Two thoughts come to me from this.
1. In order that a shift, shear, re-configuration or transformation can even be identified, there must be some underlying metric, rule, relationship that can be used against which a change can be registered or described -- for without that, "change" as a concept cannot exist. For me, the mystery of that: the "what is true everywhere": is what I am facing, seeking and in my own way, addressing; in full knowledge I will never perceive, find, or get a response from it.
2. Perhaps this long era of religion as a book of rules, a contract-based order, without the presumption that we can, by our own volition and behaviour, have some effect on our experience and even our destiny, is thus coming to an end. Perhaps our understanding of God should now renew itself along the old, prehistoric lines: that creation is governed by the capricious, unpredictable whims of gods and spirits doing just what they please with us -- as we have no better way of describing what is going on.
With regard to 1) I am suggesting - and of the opinion - that there is no underlying, static metric, rule, relationship AGAINST which change can be measure. Any measures we have are, themselves, characterised by the same change. The material conditions for nature as it appears are conditions characterised by flowing, folding and fielding all of which ensures there is no such stable, one-time grid -- i.e. "firm ground is not available ground". To reverse the teaching of Jesus, I'm suggesting wise women and men know they are always building on (and with) moving sand and not upon (and with) eternally stable rock.
With regard to 2) I'm suggesting - and also of the opinion -- that if we choose to continue to use the language of god/gods (and, of course, we need not so choose) then my preferred language is Epicurean/Lucretian in flavour -- i.e. talking about the gods as entities (whether physical or purely symbolic) who simply don't get involved in the world. The only positive influence they can have upon us is to encourage us to cultivate a life of beauty and imperturbability (ataraxia) which is, according to Epicurus/Lucretius anyway, the true nature of the gods. Both Epicurus/Lucretius thought that their own Greek/Roman understanding of the gods as capricious and unpredictable was simply ancient superstition that should be abandoned as profoundly wrong and unhelpful. As Epicurus wrote (in the first of his "Principle Doctrines"): "A blessed and imperishable being neither has trouble itself nor does it cause trouble for anyone else; therefore, it does not experience feelings of anger or indebtedness, for such feelings signify weakness."
I realise my compressed reply may confuse more than it enlightens but a lot of it comes into focus if one adopts an "ontology of motion" and the best introduction to this is found in the work of Thomas Nail, especially his recent book from OUP called "Being and Motion".

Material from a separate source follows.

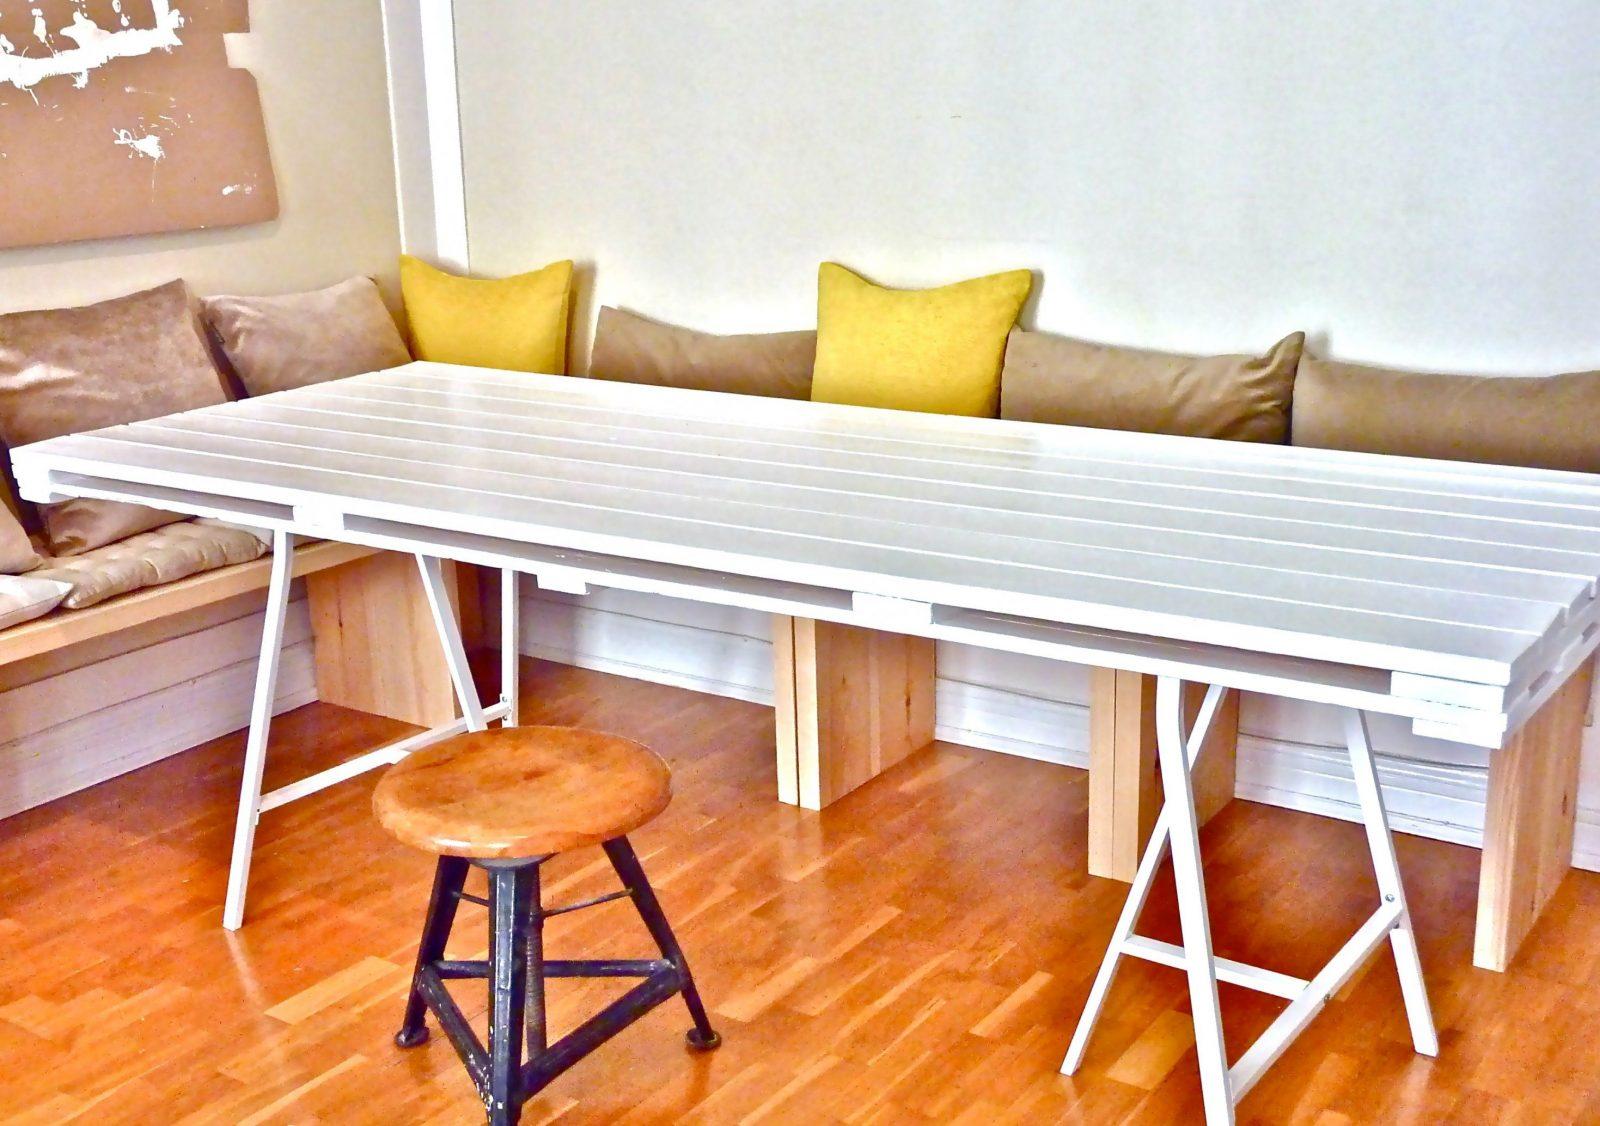 Schön Ideen Für Esstisch Aus Europaletten Möbel Aus Paletten von Esstisch Aus Paletten Bauen Photo

Thanks again for writing. It's much appreciated. Good luck with all your own explorations and work.
All the best,
Andrew
I also need to reply to my own previous reply. An error crept in, in my point 2. I meant to write "WITH the presumption that we can" and it came out as "WITHOUT the presumption that we can".
Finally from me, on this, as follows. "Change" is of course a human construct.
It helps me see that despite the differences in the way we seem to be thinking it seems we do overlap in our desire to challenge the basic, hubristic idea that humankind is (in principle if not always in practice) able to control most things. We can't because we're wholly entangled in the world and that world is characterised by change (motion). This means change is something that is most certainly not a human construct since everything, everywhere, experiences change. To be sure we have "constructed" particularly human ways of understanding and talking about change but, change qua change, being fundamental to all things, applies across the board; it's what everything shares and, in a poetic sense, is the "sand" upon (and with) which we must all build. And here we are back to Ammons' poem "Dunes" that I cite in the address.
Naturally, should you wish to share them, I very much look forward to hearing any further thoughts you may have.